Producers Aubrey Plaza, Tyler Davidson talk about new thriller 'Emily the Criminal'

Mark Meszoros, The News-Herald, Willoughby, Ohio on

Published in Entertainment News

At first, Aubrey Plaza is a little defensive when it's suggested that "Emily the Criminal" seems like a bit of a departure for her.

"Everything's a departure for me," the actress says during a recent video interview in advance of the film's release last week. "I mean, I don't feel like ... I've treaded on the same territory in a while."

Yes, yes, sure. We just mean that the steadily busy Plaza — whose career has included black comedies such as 2017's "Ingrid Goes West" and 2020's "Black Bear" and who arguably still is best known for portraying April Ludgate on the NBC sitcom "Parks and Recreation" for several seasons — doesn't need her comedic gifts for the titular role of a film she sees as "a thriller."

"It's definitely not a comedy — that's for sure," Plaza says. "That was definitely something that was appealing about this movie."

In "Emily the Criminal," Plaza's Emily starts out as a young woman drowning in college-loan debt. Because she has a DUI and an aggravated assault on her record, the best job Emily can get is in food delivery.
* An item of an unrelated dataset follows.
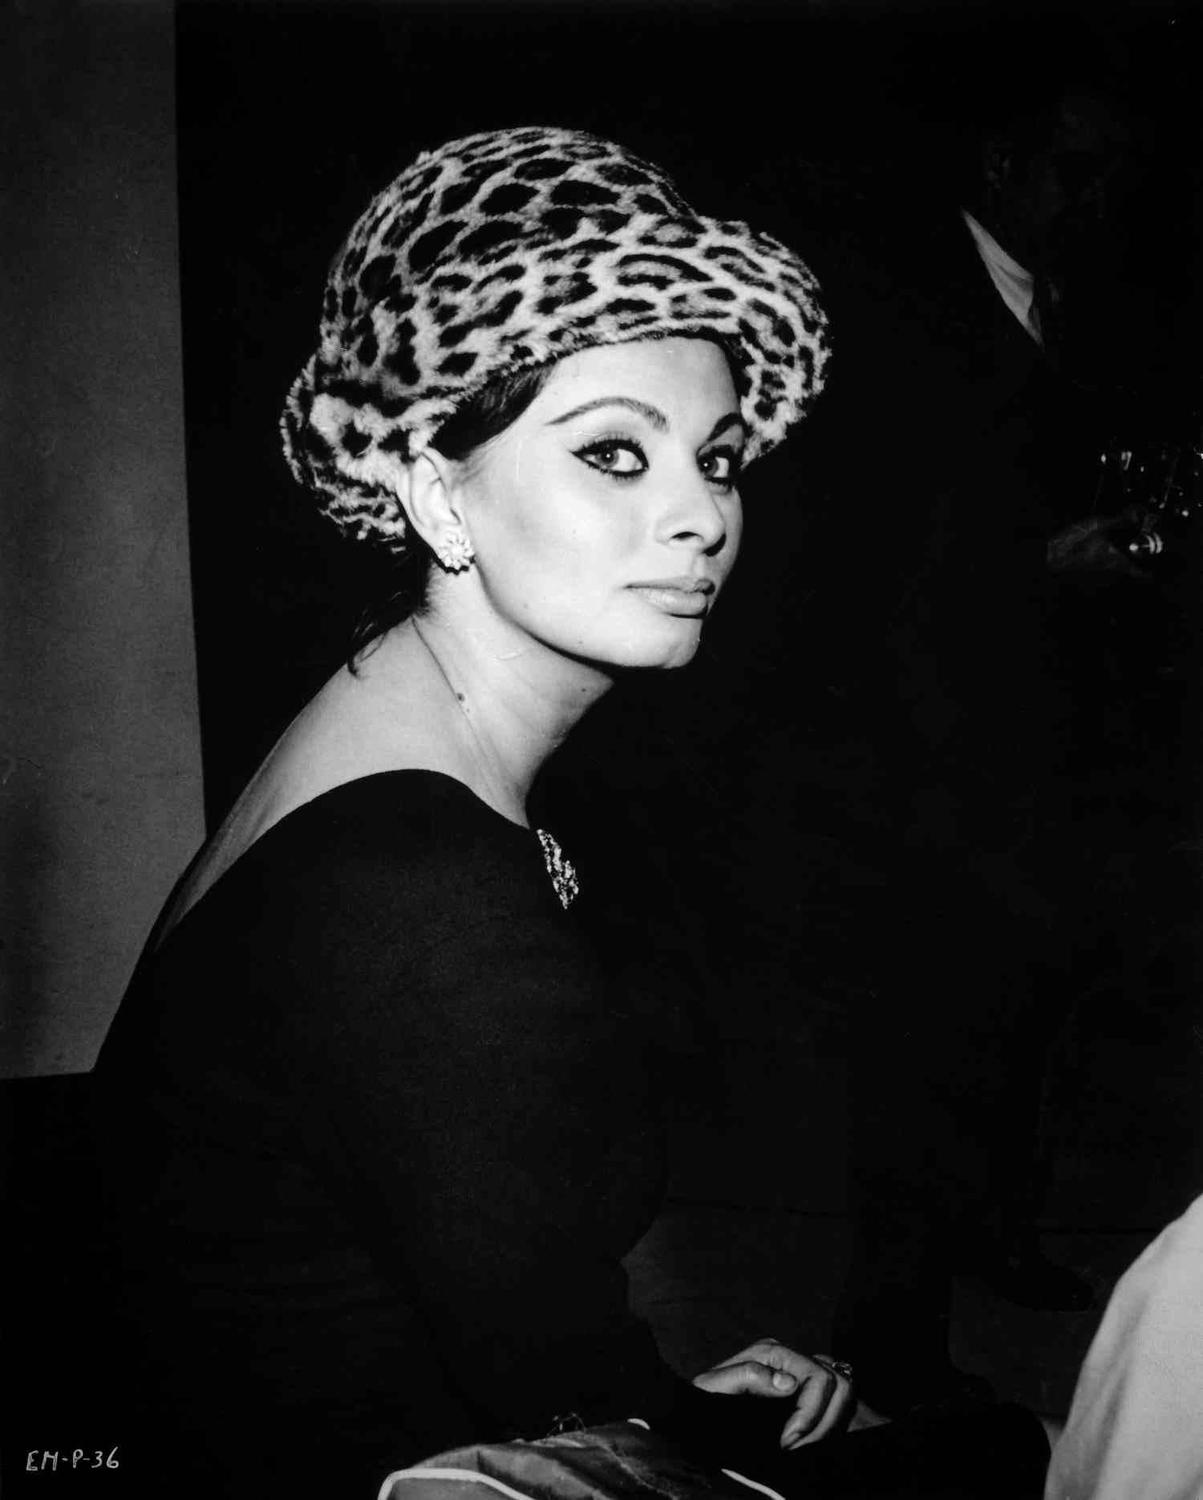 Unknown - Sophia Loren 1963 For Sale at 1stdibs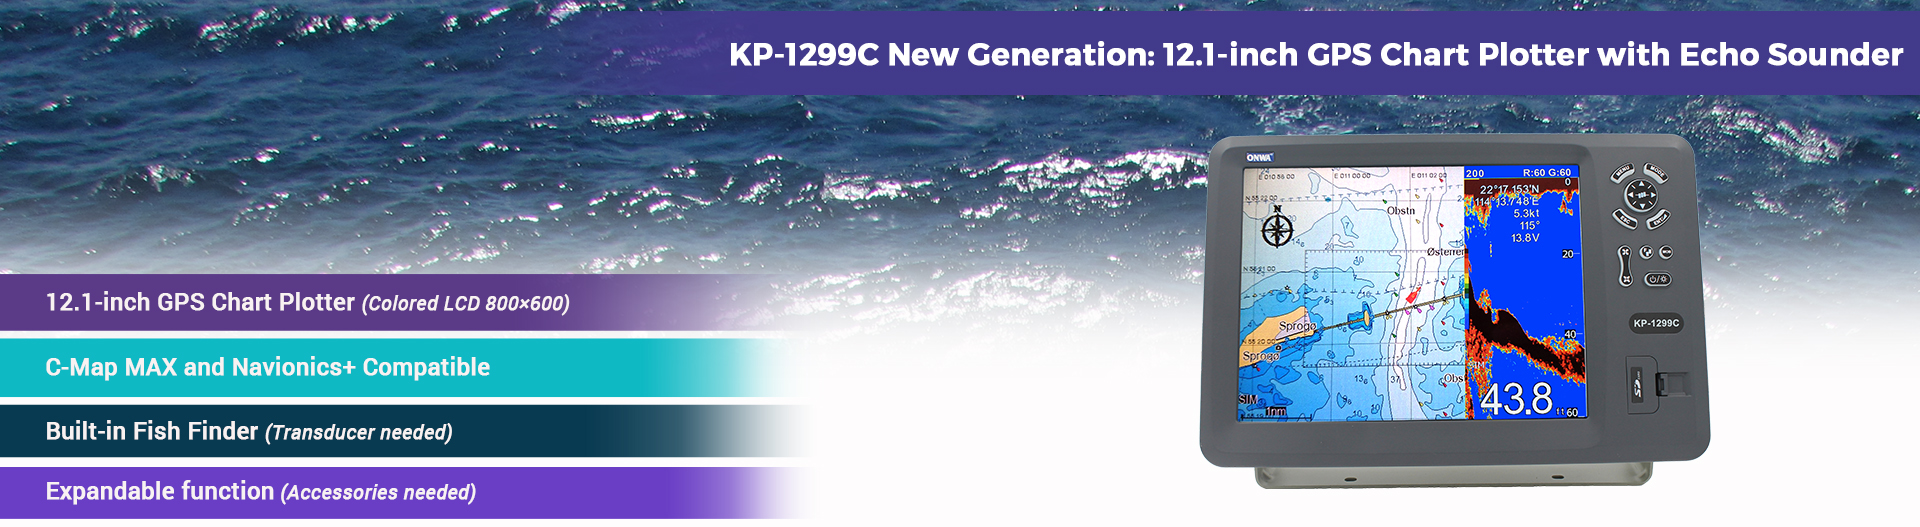 KP-1299C New Generation

When she agrees to take a shift for a co-worker, he thanks her by giving her an introduction to a gig as a "dummy shopper," which, she learns, involves buying goods with a stolen credit card. After her first attempt is successful, she accepts increasingly risky work from the handsome and charismatic Youcef (Theor Rossi), bringing in serious money for herself.


As the story progresses, Emily has some scary moments, and she has to make lightning-quick choices regarding whether to venture deeper and deeper into this potentially dangerous world.

"What's fun about the part for me was tracking all of those micro-decisions and steps that she takes to get to the place where she is by the end of it — and to make those moments feel real," Plaza says. "That's what was challenging, I think, about that kind of character."

Plaza also is a producer on the drama, as is Tyler Davidson, whose northeast Ohio-and-Los Angeles-based Low Spark Films has been involved in making movies that include "Take Shelter," "The Kings of Summer," "The Land" and "Galveston."

"Tyler's the best," Plaza says. "We really adopted the mentality of Emily to make this film. We had to make up the rules ourselves."